Ooo a Cryengine thread
As someone who's been working with Cryengine 2, and now CE3 for around 4 years (since Crysis 1 Beta 3), I think I can explain this.
Firstly, the statement IS correct. Crysis 1, Warhead, Wars and Crysis 2 are entirely "real time" all the time. This means a few things, which can get quite complicated, but let me try to explain. Unlike older / other engines, nothing in game is pre-computed, be it Physics, lighting, etc. Its all calculated on the fly using whatever you have on your computer (this is also why Crysis 1 was so hard to run).
For lighting this means a lot of things. Firstly, as it uses a form of deffered rendering, it means you can have 100+ lights on screen at a time, and never have to wait for the engine to calculate shadows. When you move a light, you dont need to press 'compute shadows' or some such - it does it automatically.
For physics, its pretty similar, however it was nerfed hard in Crysis 2, and is much better in Crysis 1. For example, in Crysis 1 there were often tons of shacks made out of wood, metal and so on. Inside would be dozens of objects, also made out of wood, metal, etc. In older games, and even recent games (yes, you, BFBC2), if you detonated a few sticks of C4, the building would fall the same way every single time. However, in Cryengine, this is also calculated in real time. To be more technical:
Once a force is applied to an object at rest, it 'physicalized', or in other words, has physics enabled. So when the C4 goes off, the shock wave hits all the objects in the shack, as well as the metal plates and wood board making it up, and "physicalizes" them all, in real time. After that original impact, the trajectories, interactions, etc. are all done in real time. So if one board hits another, the direction of said board changes. This goes for the objects inside as well.

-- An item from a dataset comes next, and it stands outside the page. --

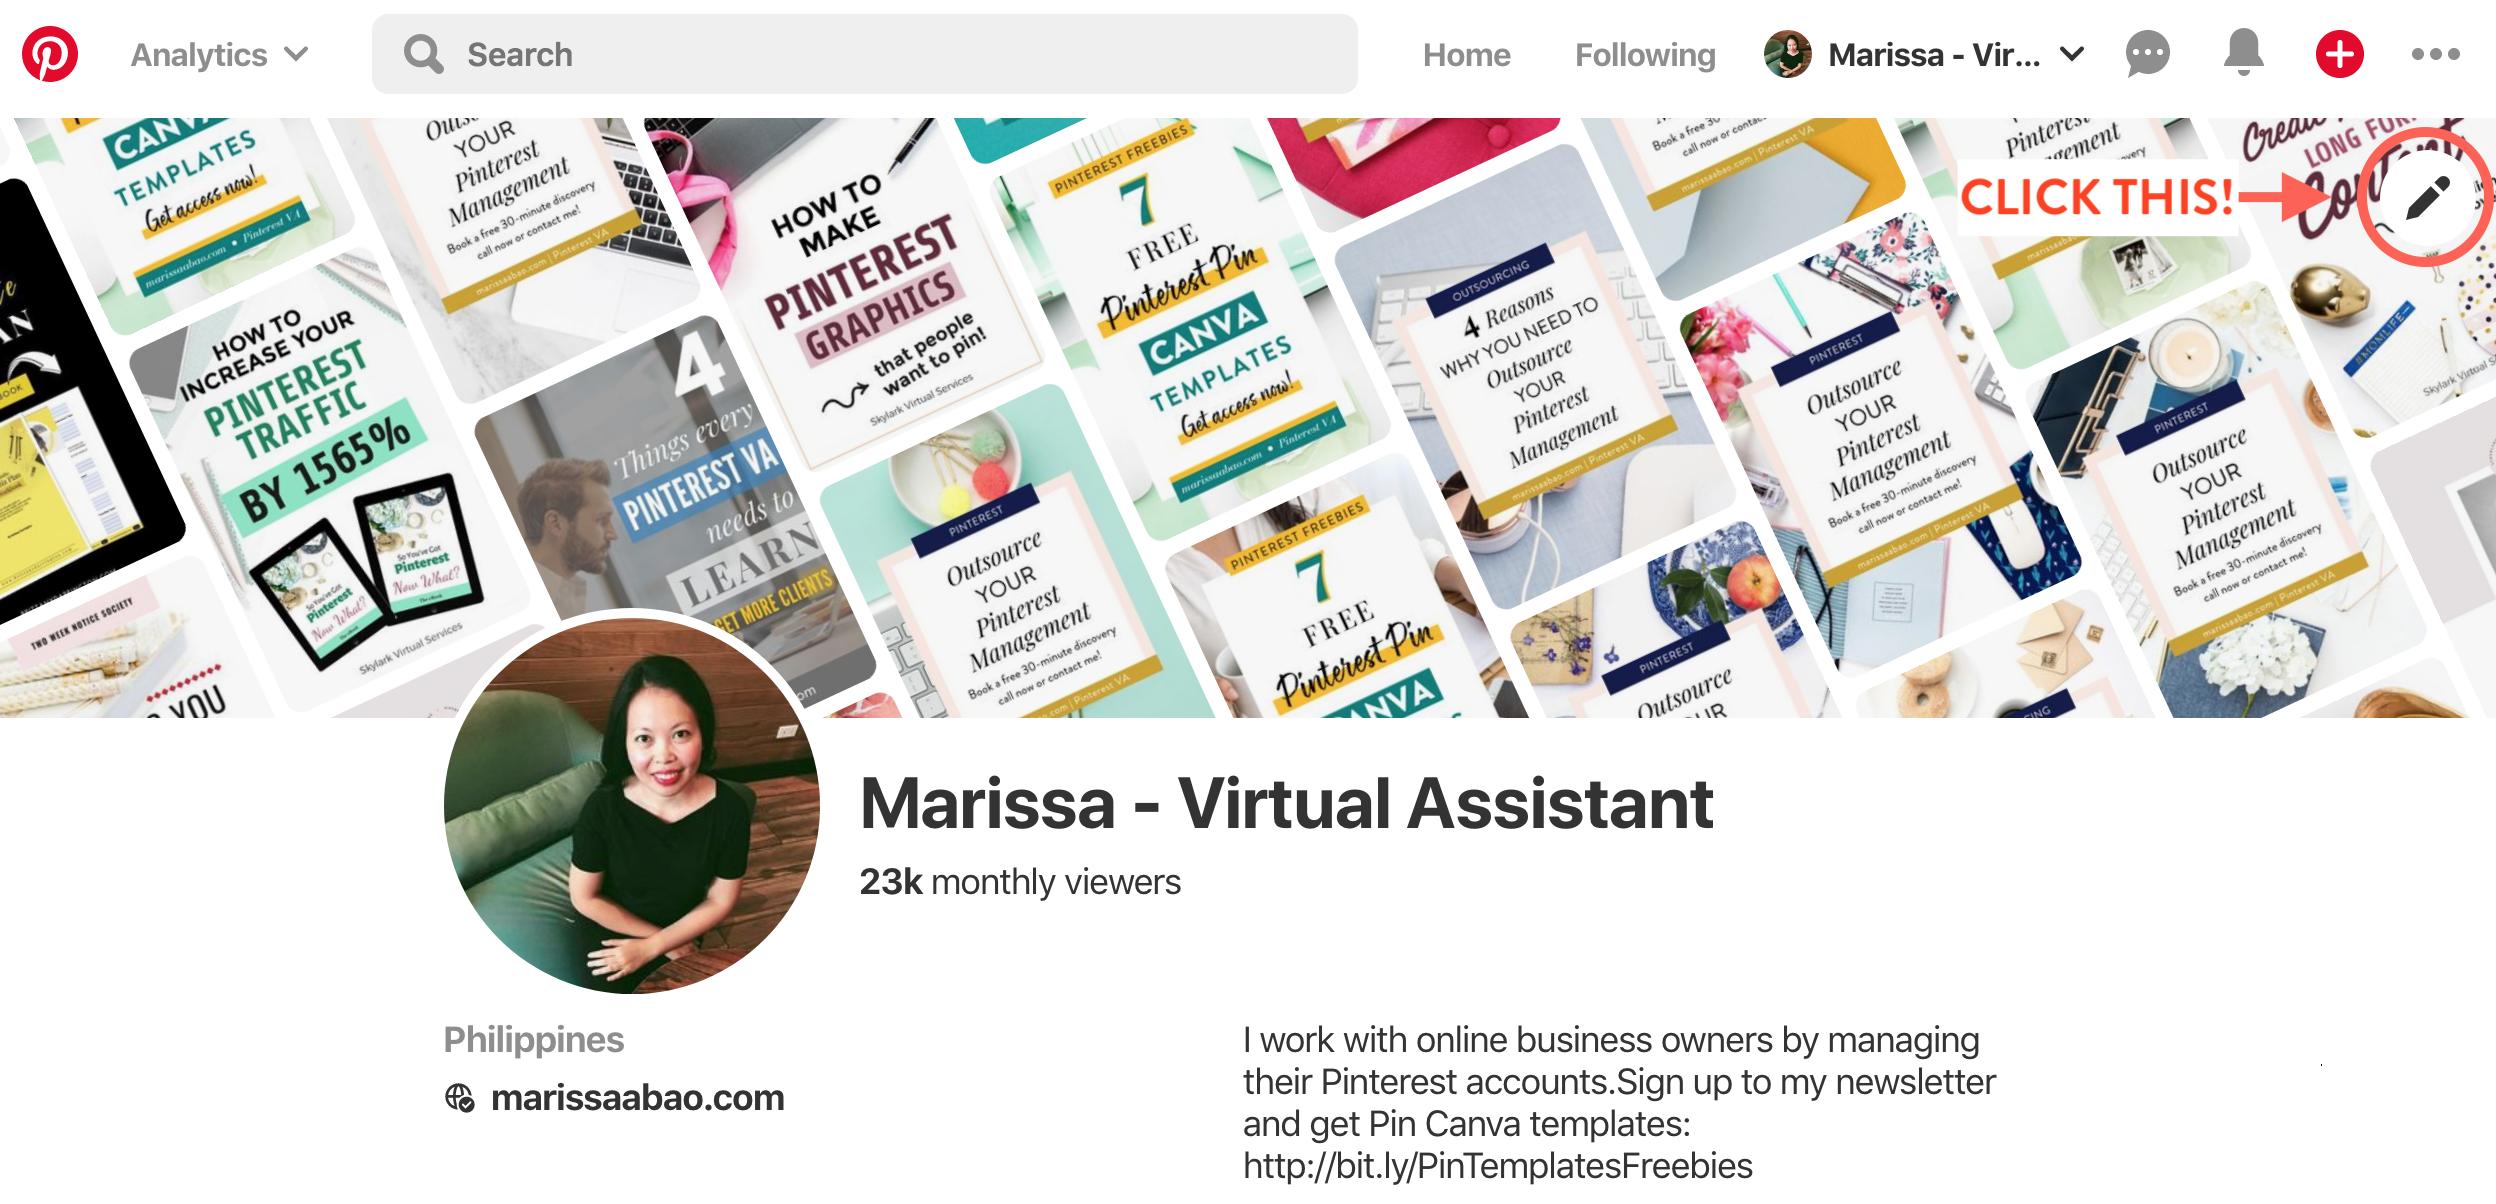 Pinterest Profile #pinterestvirtualassistant #pinterestva #virtualassistant #pinterestmanagement

Lastly, and most importantly, this helps MASSIVELY with editing (or modding). In almost every engine out there, to test a map that you had just made, you would have to hit compile, then load up the actual game, then load your map, and then try it. In Cryengine, you simply press "ctrl+g", to enter game mode, right in the editor. When your in this mode, its just like being in game (well, RAM usage is a bit higher). However, to do this, NOTHING had to be compiled. There was no pre-calculations, or compilation, etc. You press the button and you're done.